2/3 for my whole life, 3/3 since coming out. Do I get bonus points for being 2E?
In all seriousness, I'd like to write a pages-long rant about this, but it'd get a little
too personal, and since I'm female the internet will assume my wish to rant has something to do with the nonexistent relative rationality of my (perceived) gender. ("But women ARE irrational! A sitcom told me so!")
Anyway, I'll truncate the ranty part of my personal experience and list some things that did and didn't work for me as a student in
FIRST. I absolutely love my old team and the mentors, and would love to give back someday, and my pointing these things out is in no way meant to herald 3081 as the best team in the universe or make it out to be the worst thing that's happened in the 21st century.
Things that work:
-Inclusion of each individual: Ask the student what they're interested in, or if they'd be interested in exploring XYZ if they're unsure.

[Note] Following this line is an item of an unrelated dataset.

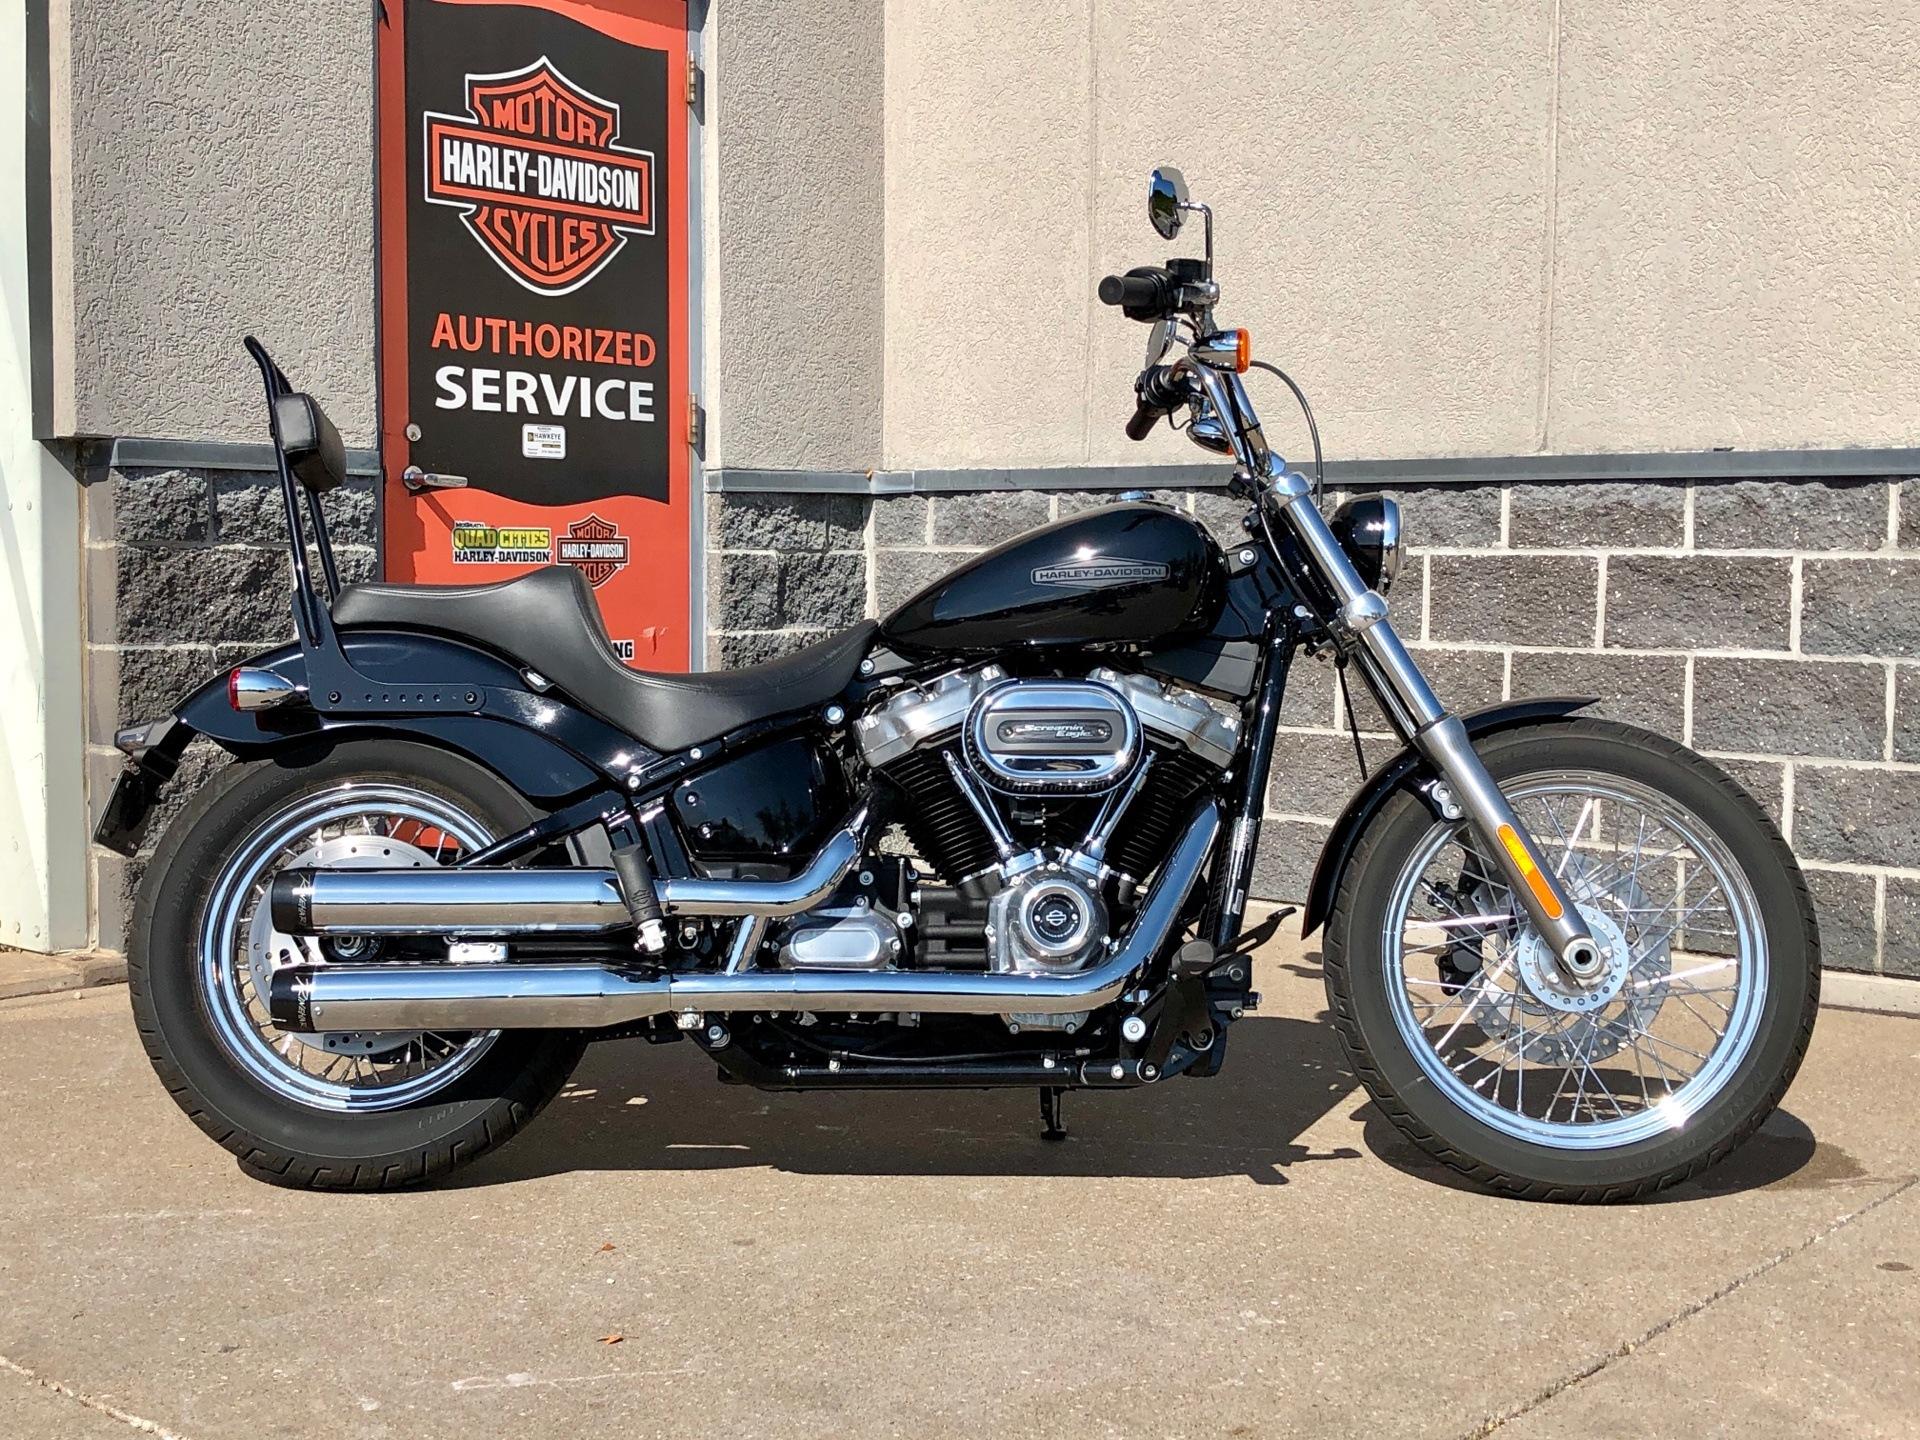 Used 2020 Harley Davidson Softail Standard Vivid Black Motorcycles In Coralville Ia M052694
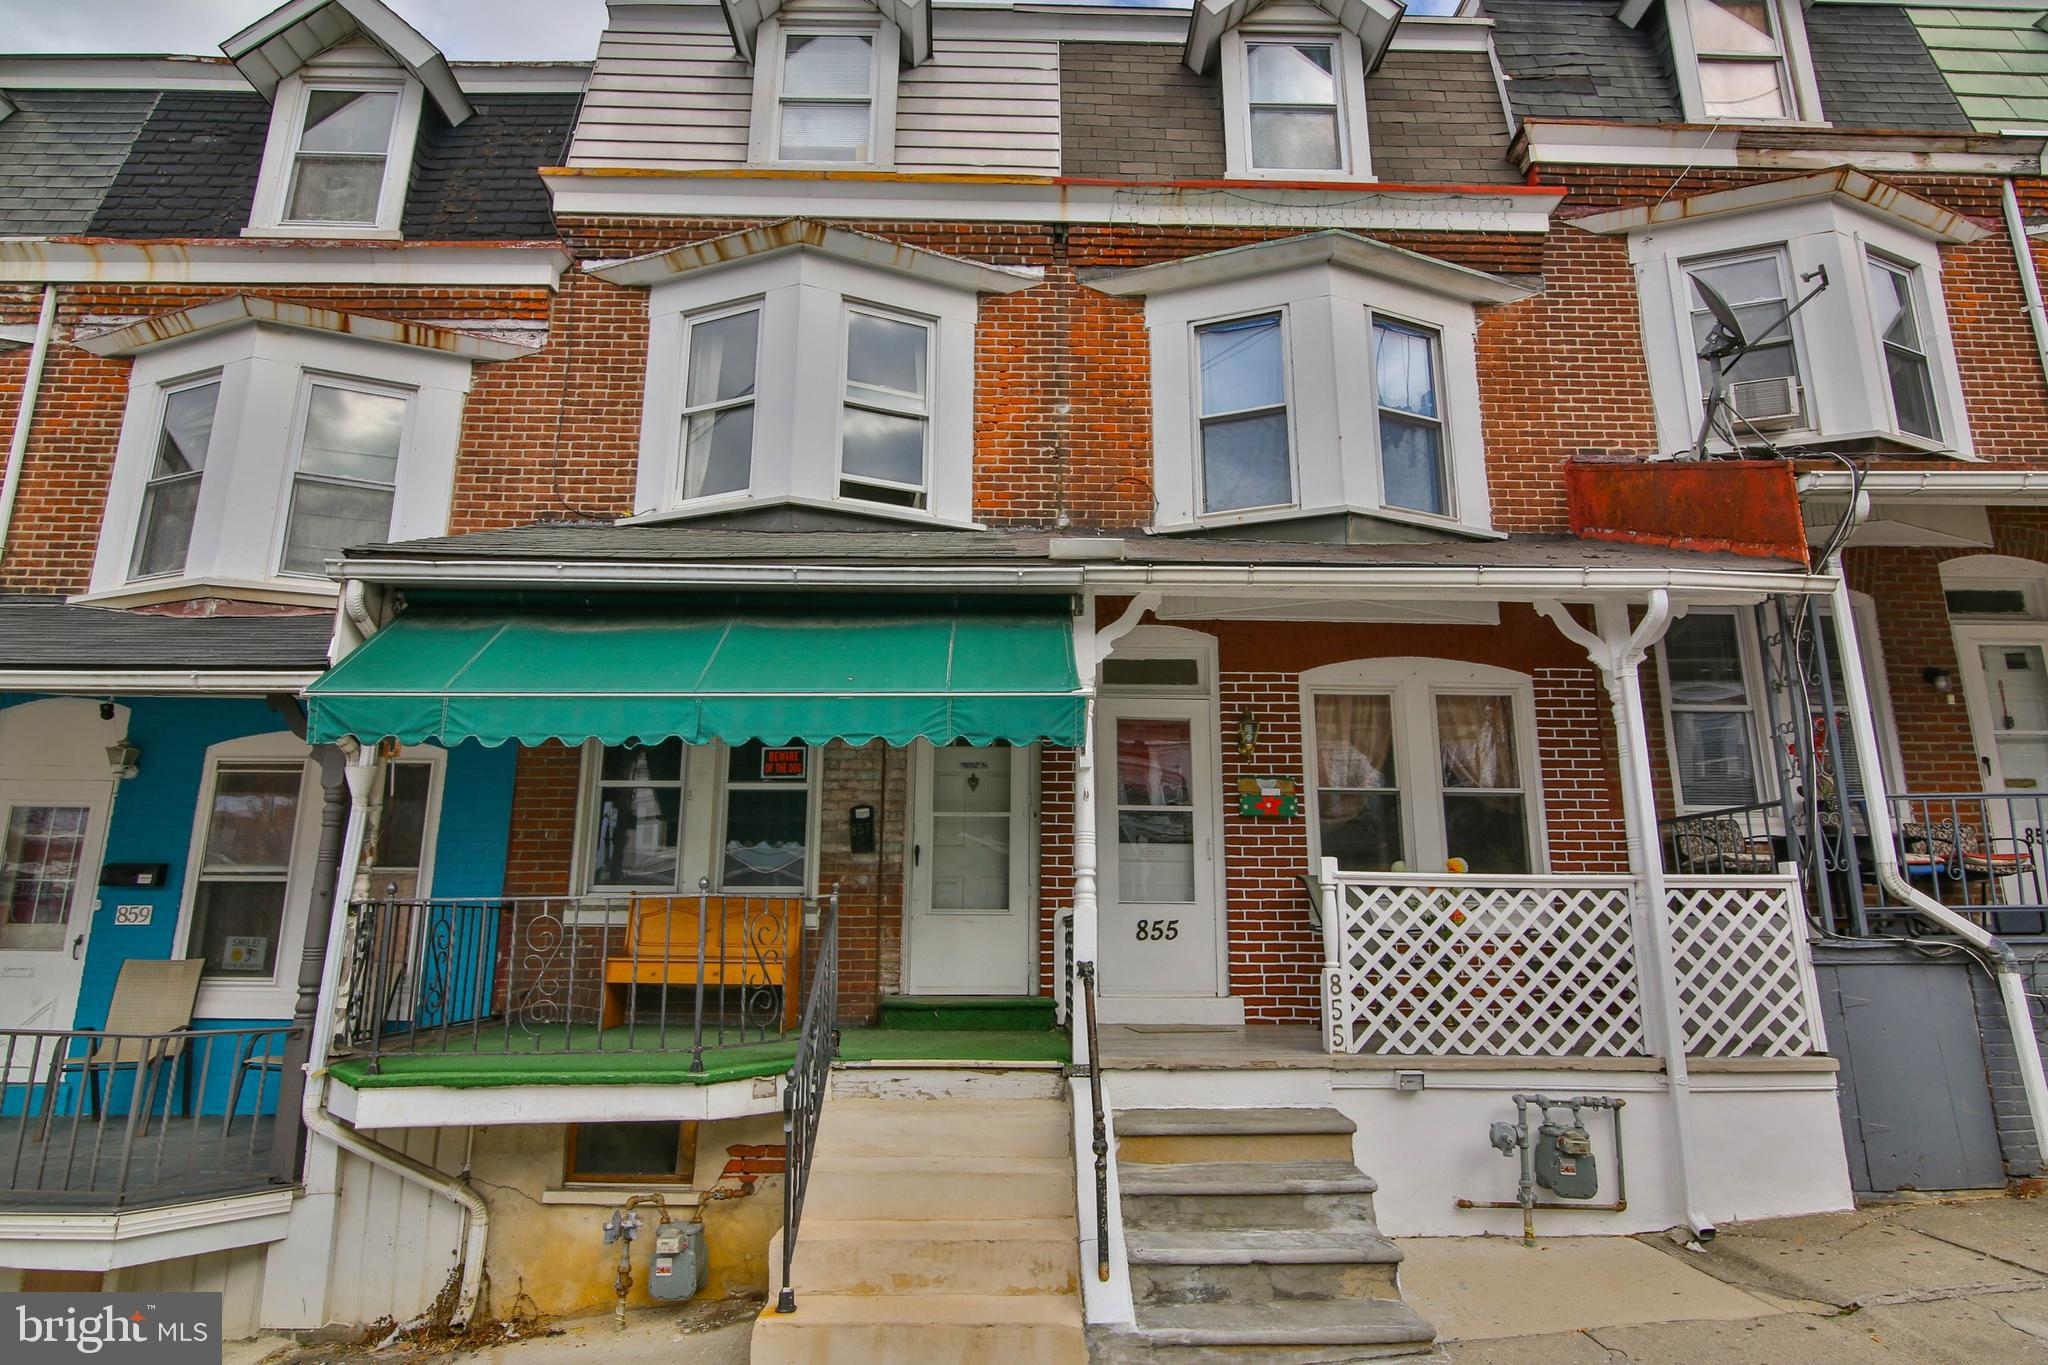 857 N 8TH STREET, ALLENTOWN, PA 18102

-Identifying when it's other students doing the excluding. If one kid out of the twenty present is sitting off in the corner sulking and not participating in activities, it usually means something's wrong. It's not always that the other kids are being jerks, or, if they are, it's not necessarily because the student is "different", but it's a possibility worth ruling out.
Things that don't work:
-ANY COMMENT EVER relating quality of work to (insert minority status here). "Oh, you did a great job on that, especially considering you're a girl." Replace "girl" with (insert race here) or (insert perceived or actual LGBT status here) and you've left yourself open to criticism. It should be this way with "girl", but we'll leave that rant for another day.
-Delegating students to particular tasks because of their gender/minority status/you get the drill. Getting girls that are interested in the robot to work on it or sparking that interest in students is one thing. Telling girls they need to work on the robot even if they're not interested because "we need representation from this minority in this role" is not going to be effective. It makes students feel like their only worth is whatever minority status they have, which can be confusing if that has been a subject of ridicule for years (as being a girl with non-girly interests, perceived or identifying as LGBTQ, and not being the majority ethnicity can bring).
I was going to say more, but I started getting even MORE babbly so I just deleted it. The point is, we need to make less of a mission about "WE NEED MORE GIRLS BECAUSE STATISTICS" or "WHY ARE ALL MY TEAMMATES WHITE" and more about including each individual student - "minority" or not.